The new effort is designed to reduce industrial discharges into water, limit toxic air emissions, and cut accidental releases from chemical and other industrial facilities, the agency says.
Some 150 catastrophic accidents occur each year at U.S. facilities that make, use, or store extremely hazardous substances, according to EPA. These incidents release chemicals that cause fatalities, serious injuries, and evacuations. They often occur near low-income or minority communities.
To combat these releases, the agency says its new initiative will focus on innovative prevention measures and better accident response capabilities.
“Enforcement initiatives help EPA focus time and resources on national pollution problems,” says Cynthia Giles, EPA assistant administrator for enforcement and compliance assurance.

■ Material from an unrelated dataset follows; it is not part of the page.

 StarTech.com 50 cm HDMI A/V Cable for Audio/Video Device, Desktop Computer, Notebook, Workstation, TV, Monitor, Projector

The initiatives are intended to “better protect communities, especially those overburdened by pollution.”
The American Chemistry Council, a chemical trade association, offered no comment on EPA’s enforcement efforts. The American Petroleum Institute says, “These initiatives are chasing nonexistent problems,” adding that API members strive to comply with federal and state regulations. Refinery emissions have declined significantly in recent years, API says.
However, in the past few years, EPA’s refinery enforcement actions have led to facilities shelling out more than $700 million for settlements of alleged violations, investments in environmental improvements, and penalties, according to EPA data.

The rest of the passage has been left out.